SUMATRIPTAN ENCAPSULATION IN POLOXAMER MICELLES BY MOLECULAR DYNAMICS SIMULATIONS

I. WOOD; M. PICKHOLZ

IGUAZU

Conferencia; I56th International Conference on the Bioscience of lipids; 2015

ICBL

Sumatriptan (SMT) is an antimigraine drug, specially designed as serotonin receptor agonist. SMT has a low partition coefficient. This fact could prevent the drug crossing process through blood-brain barrier, to reach the central nervous system at clinical effective concentrations.
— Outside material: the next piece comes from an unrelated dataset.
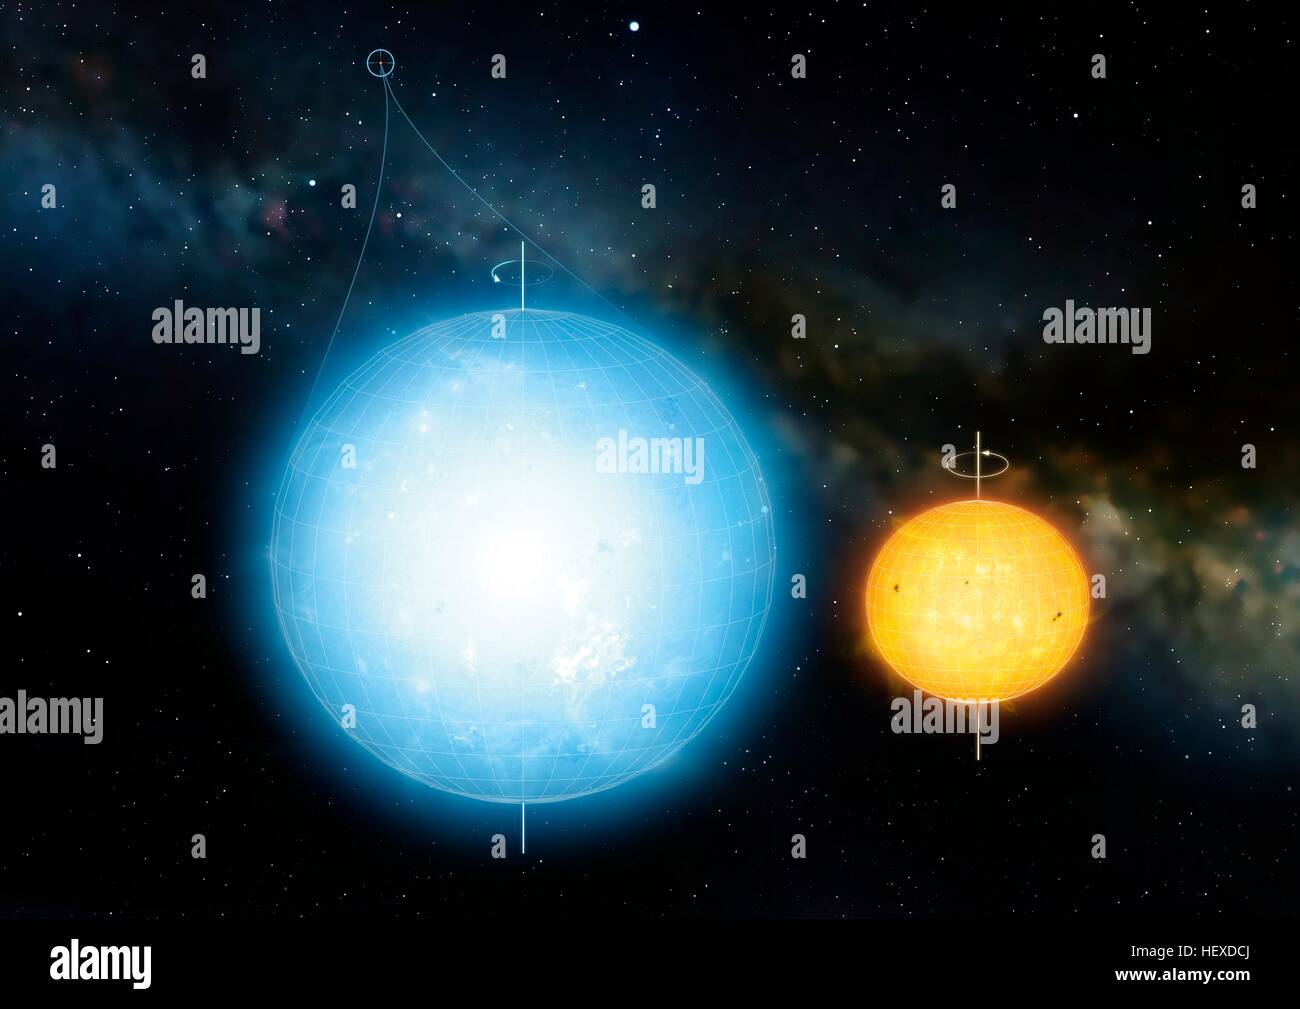 11145123 Kepler est roundest.corps astronomiques connus tous les corps astronomiques, y compris la terre soleil, ils sont légèrement aplatie aux pôles à l'équateur renflement en raison de leur spin.Toutefois,Kepler 11145123 a ces petit degré d'écrasement que les astronomes ont conclu que c'est plus proche de vrai que toute autre sphère Banque D'Images

In order to improve the sumatriptan efficacy, its incorporation in poloxamer micelles is being proposed. Pluronic® F127 belongs to the family of triblock copolymers of poly(ethylene oxide)?poly(propylene oxide) (PPO)?poly(ethylene oxide) (PEO), generically called poloxamers. Nowadays, these copolymers attract considerable attention as a novel method for the delivery of different drugs, since, above the critical micelle concentration, they aggregate forming micellar structures, besides of being biocompatible. In this work, we have used computer simulations in order to elucidate the encapsulation of SMT in F127 micelles. We carried out classical Molecular Dynamics (MD) simulations using a Coarse Grain (CG) model within the MARTINI force field that can be used to investigate macromolecular phenomena at the microsecond scale [1]. At high concentration, F127 assembles in a micellar structure, having a hydrophobic core and a hydrophilic crown. We developed a coarse grained SMT, based on atomistic simulations. Within this model we have studied the SMT encapsulation into the previous mentioned F127 micelle. Furthermore, it was proposed in the literature that the F127 unimer interaction with membranes could alter their organization, helping the passive diffusion of drugs. In previous work, we have found that F127 adopts a transmembrane conformation, exposing the entire PPO block along the bilayer thickness (since terminals methyl to glycerol groups) and leaving PEO blocks free toward the outside and on both sides of aqueous phase. In this way, we have investigated how the interaction of SMT with membranes is affected by the presence of F127. [1] Marrink, S., e.t al, J. Phys. Chem. B, 2007, 111, 7812.